Raw data |
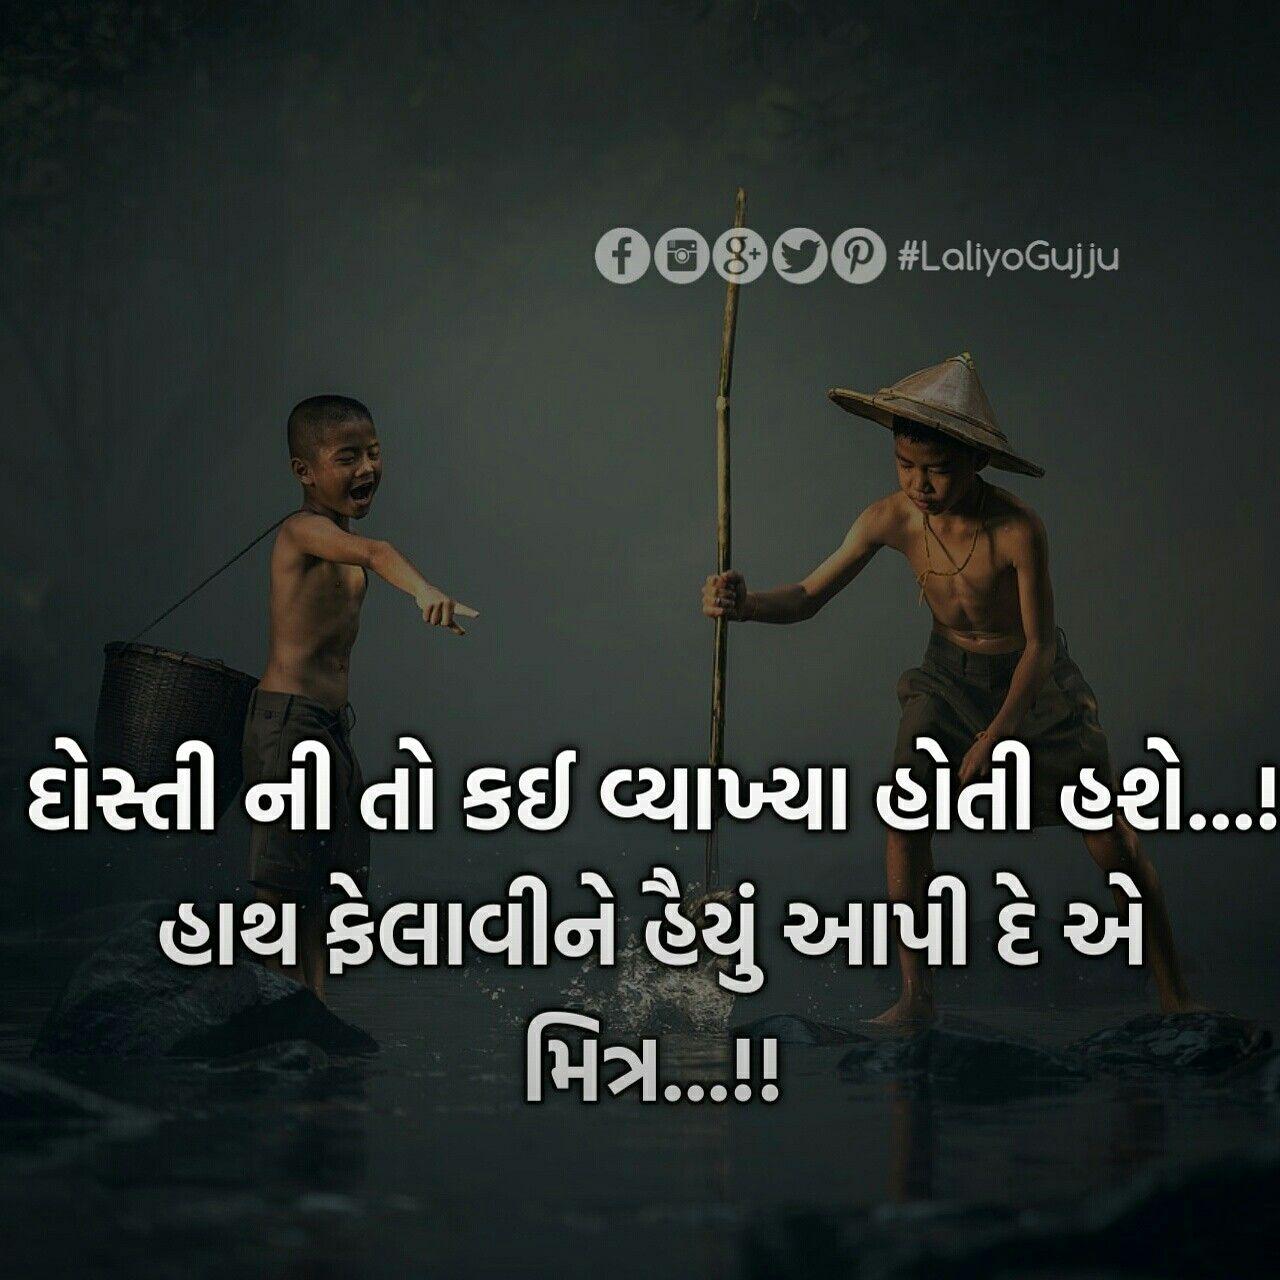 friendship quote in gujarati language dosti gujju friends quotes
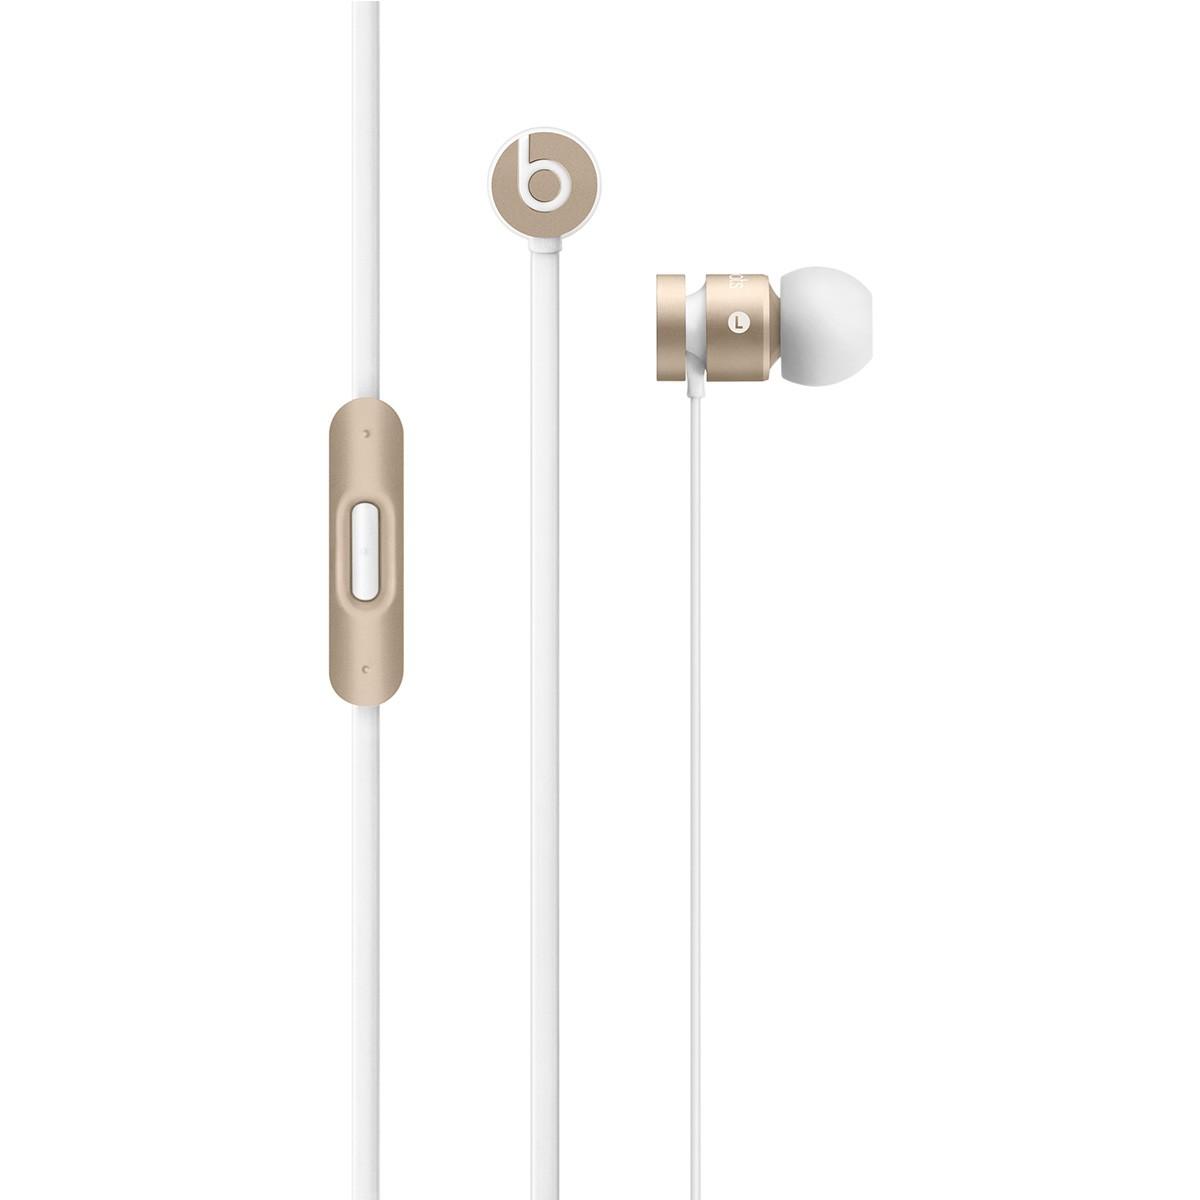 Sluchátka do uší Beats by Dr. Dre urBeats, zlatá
--
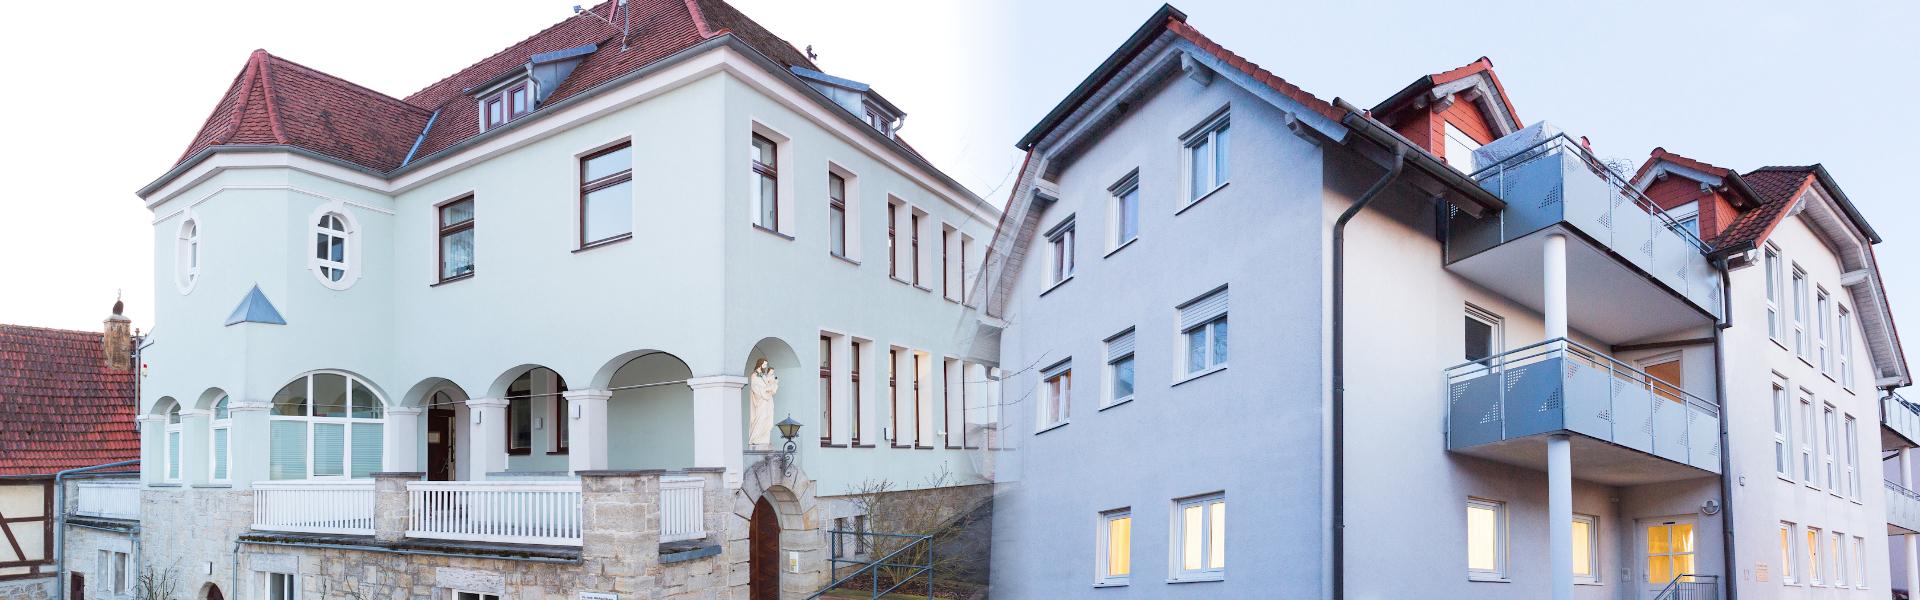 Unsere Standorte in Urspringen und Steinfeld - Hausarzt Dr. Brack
--
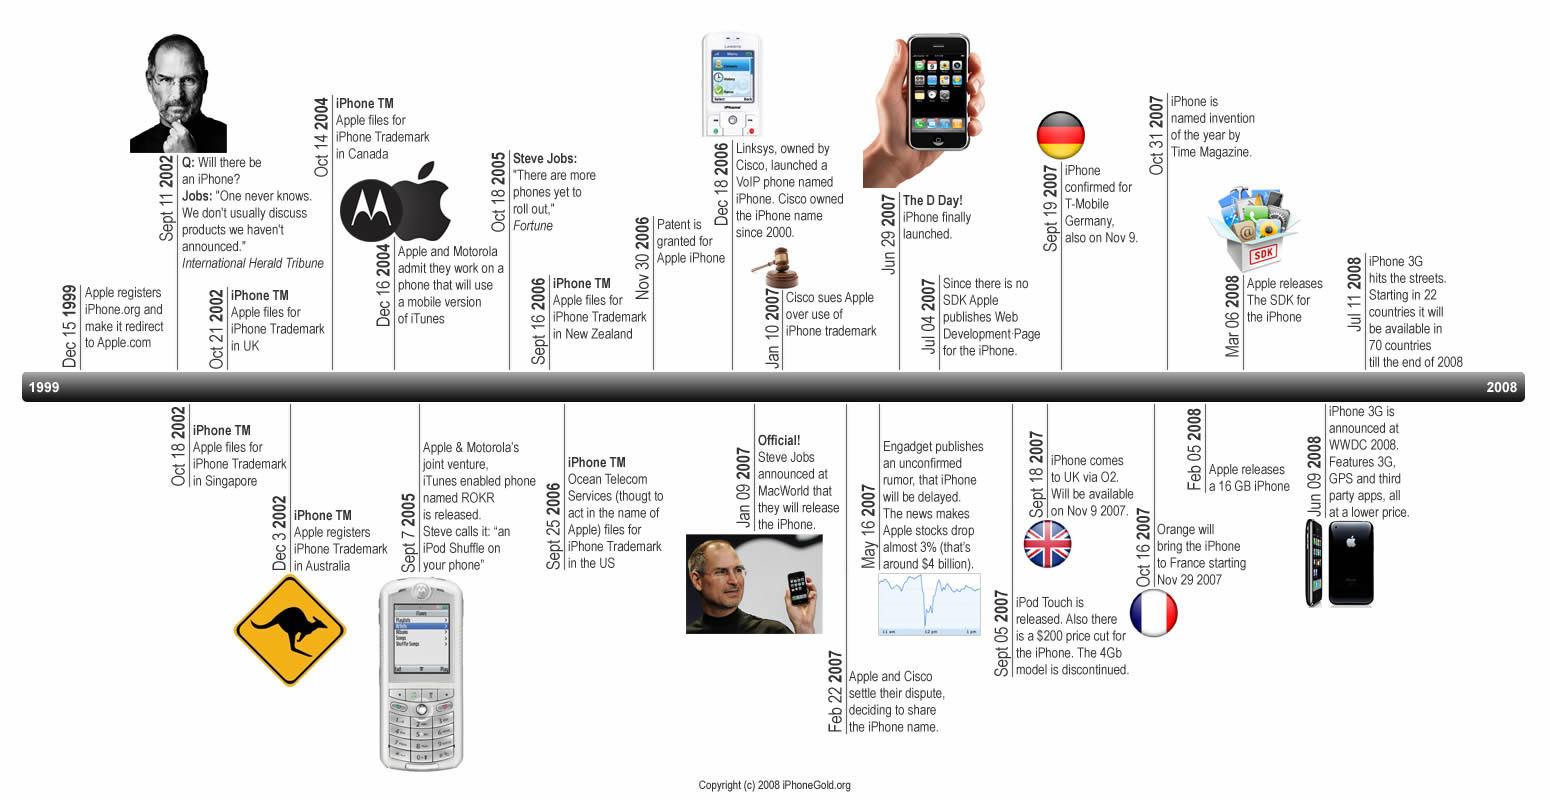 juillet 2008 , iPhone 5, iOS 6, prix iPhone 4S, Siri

What you should do |
Give back, exactly and without pictures, the stretch of the records above from the line containing "friendship quote in" through the line containing "Sluchátka do uší", with both end lines included.

Exercise output |
 friendship quote in gujarati language dosti gujju friends quotes
 Sluchátka do uší Beats by Dr. Dre urBeats, zlatá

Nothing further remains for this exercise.